My first thought: Multiply numerator and denominator of \(\displaystyle \frac{dx}{e^x+ e^{-x}}\) by \(\displaystyle e^x\) to get \(\displaystyle \frac{e^x dx}{e^{2x}+ 1}\).

Then let \(\displaystyle u= e^x\). \(\displaystyle du= e^x dx\) so the integrand becomes \(\displaystyle \frac{udu}{u^2+ 1}\).
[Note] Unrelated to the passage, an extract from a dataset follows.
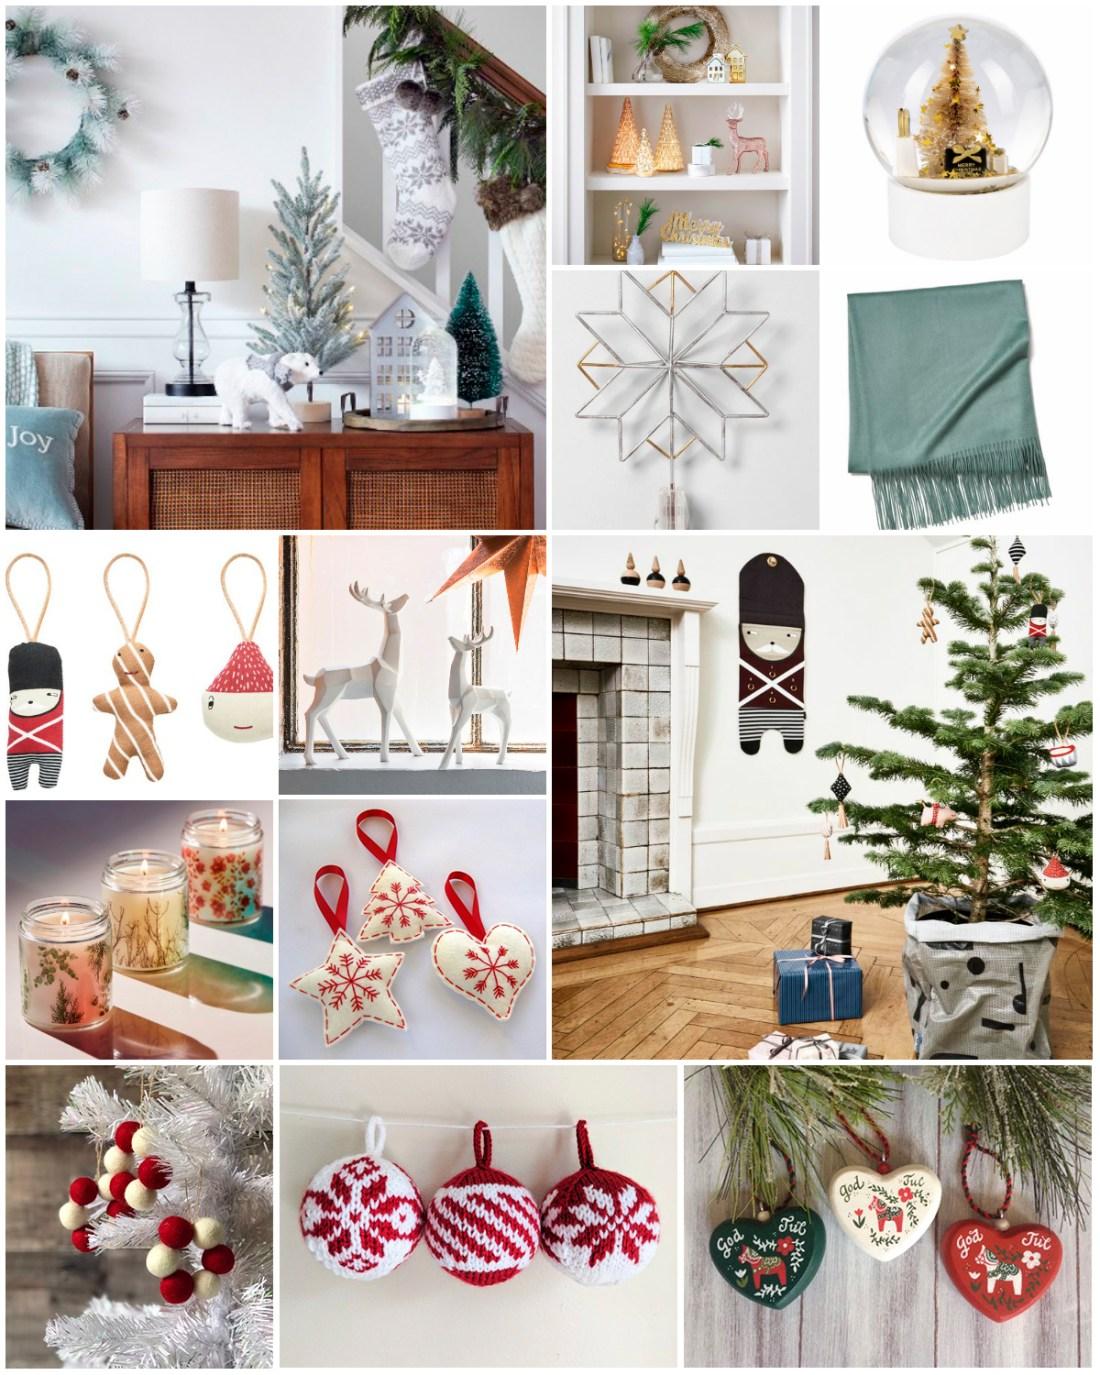 How to achieve a Scandinavian Christmas
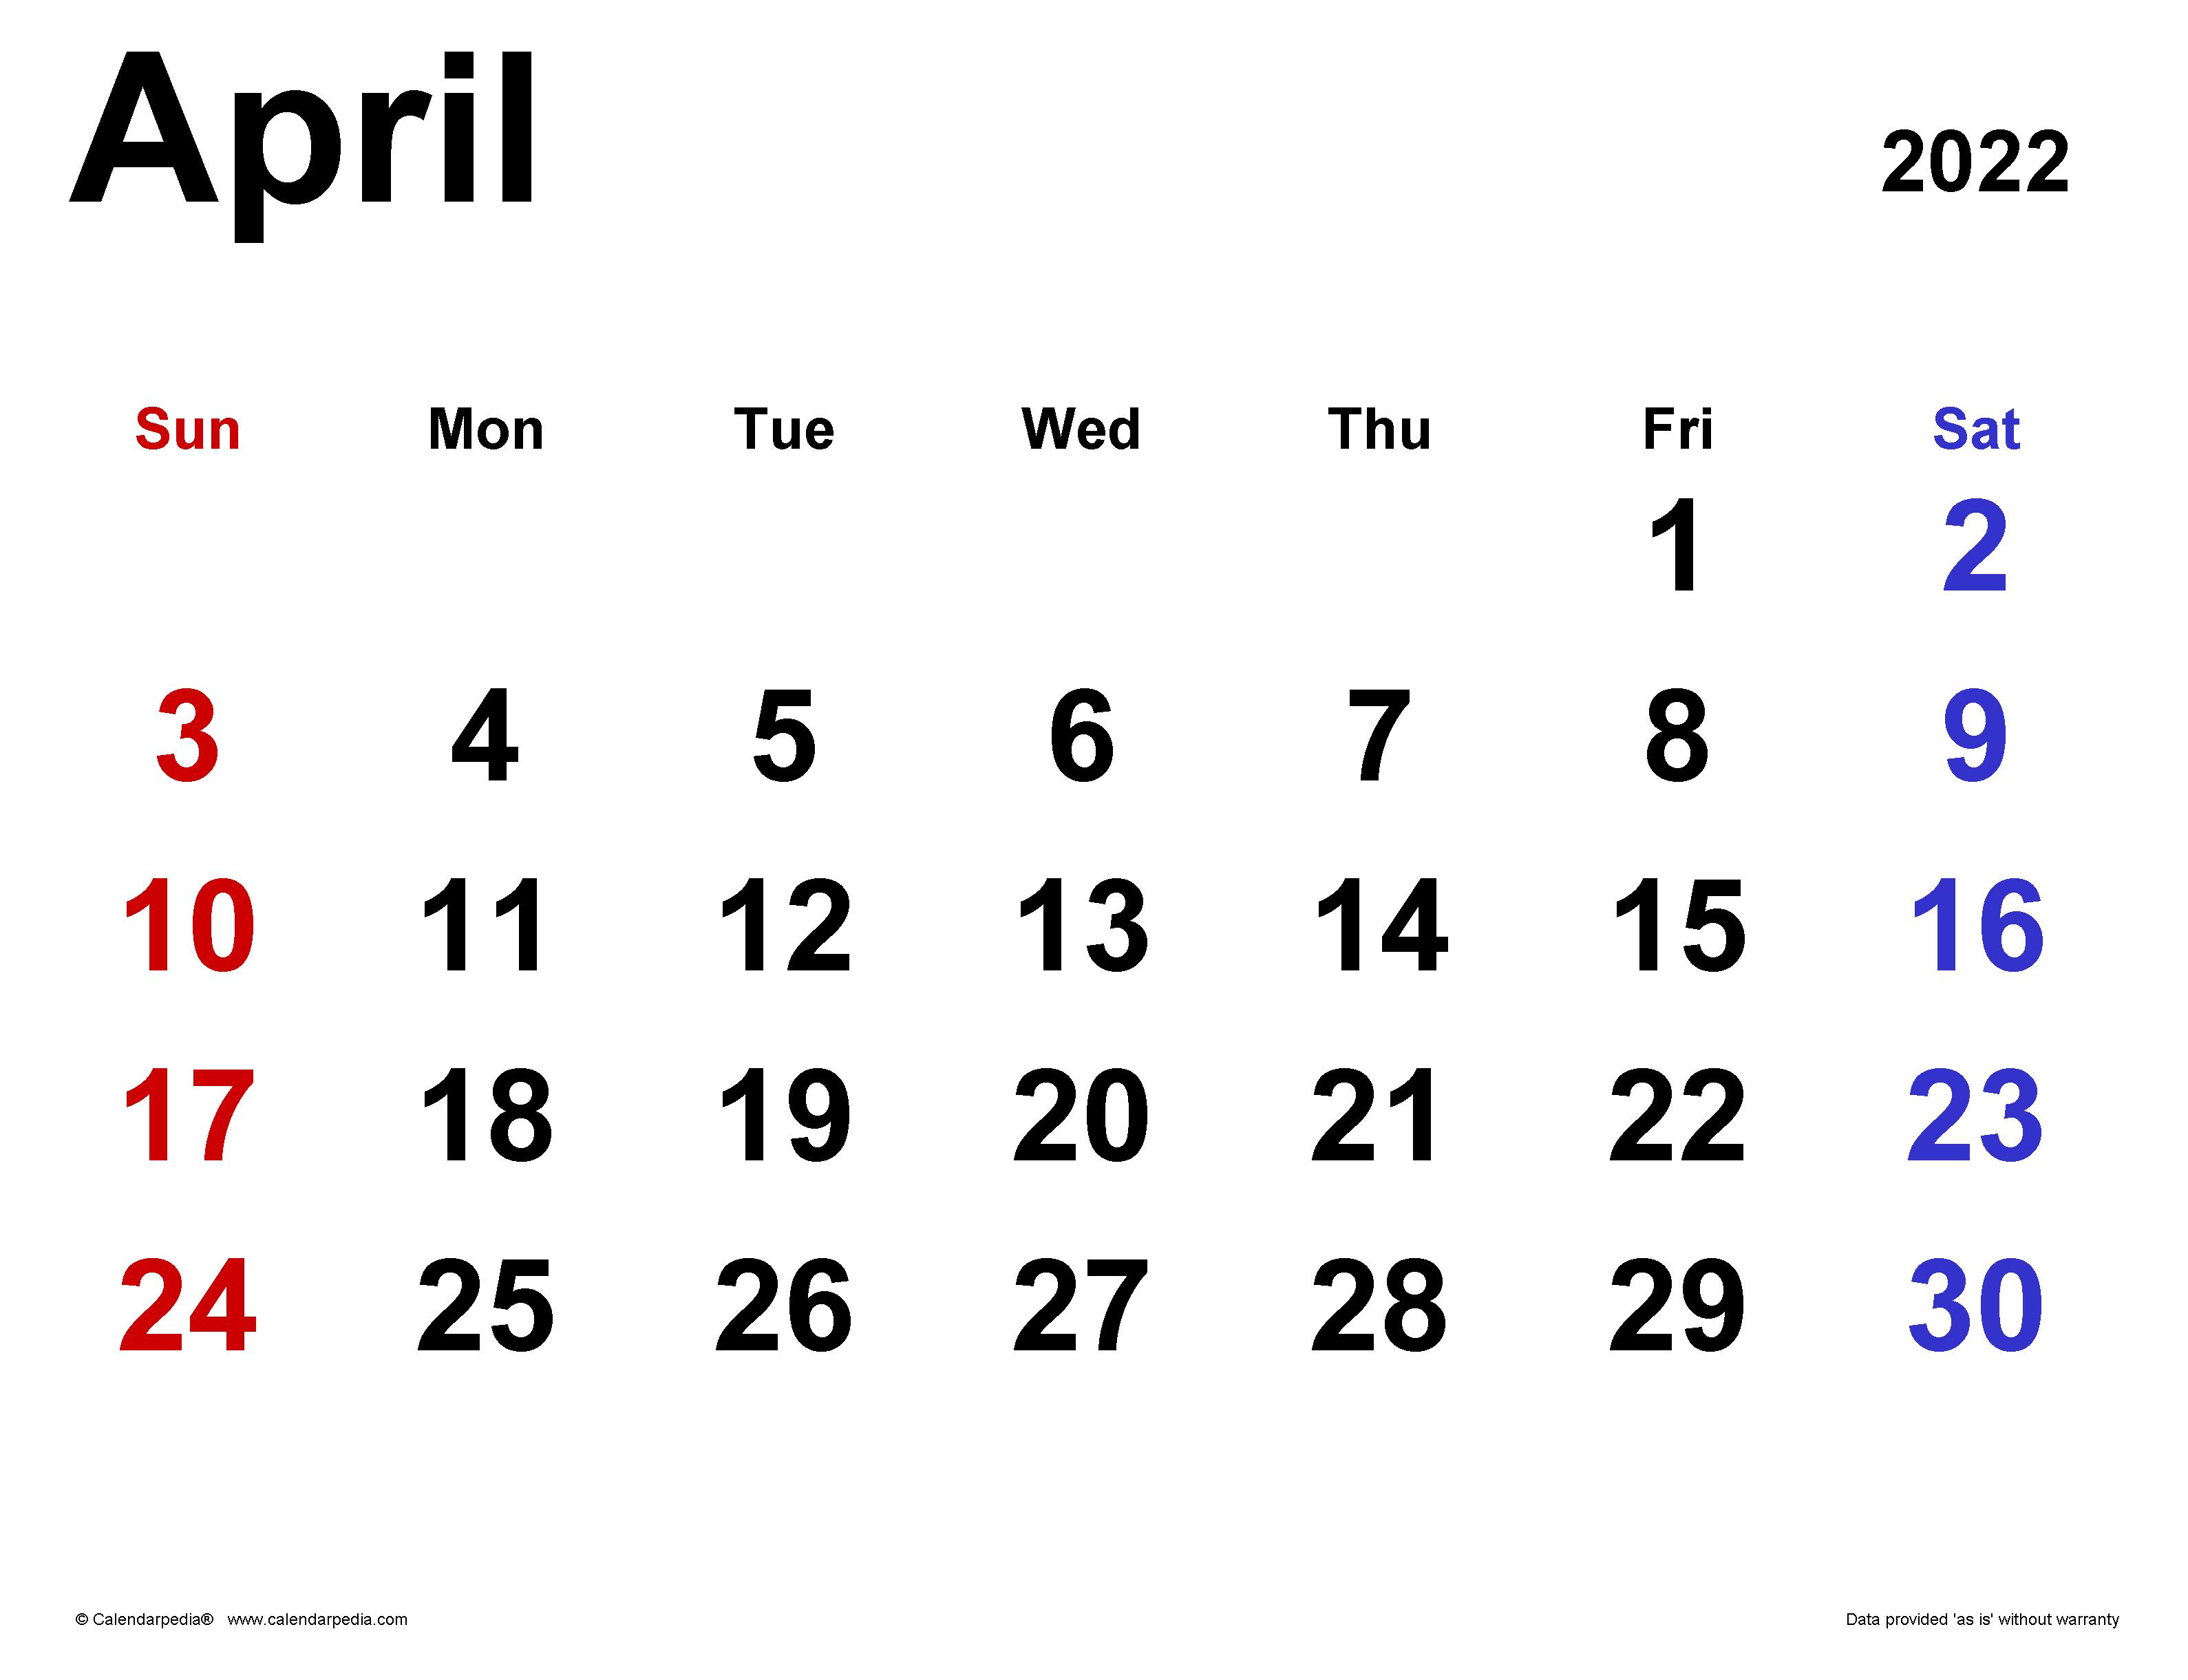 Apr 2022 Calendar.April 2022 Calendar Templates For Word Excel And Pdf

Now let \(\displaystyle v= u^2+ 1\) so that \(\displaystyle dv= 2udu\) and the integrand becomes \(\displaystyle \frac{1}{2}\frac{dv}{v}\).

 

[pka]

How to integrate 1/[e^x + e^(-x)]

HINT: think \(\arctan(u)\).

 

[joshuaa]

if you wanna be fancy, do it like this

[MATH]\int \frac{1}{e^x + e^{-x}} \ dx = \frac{1}{2}\int \sech x \ dx[/MATH]

 

[Steven G]

if you wanna be fancy, do it like this

[MATH]\int \frac{1}{e^x + e^{-x}} \ dx = \frac{1}{2}\int \sech x \ dx[/MATH]

It is not being fancy, it IS the way to solve this (assuming that you learned about hyperbolic functions).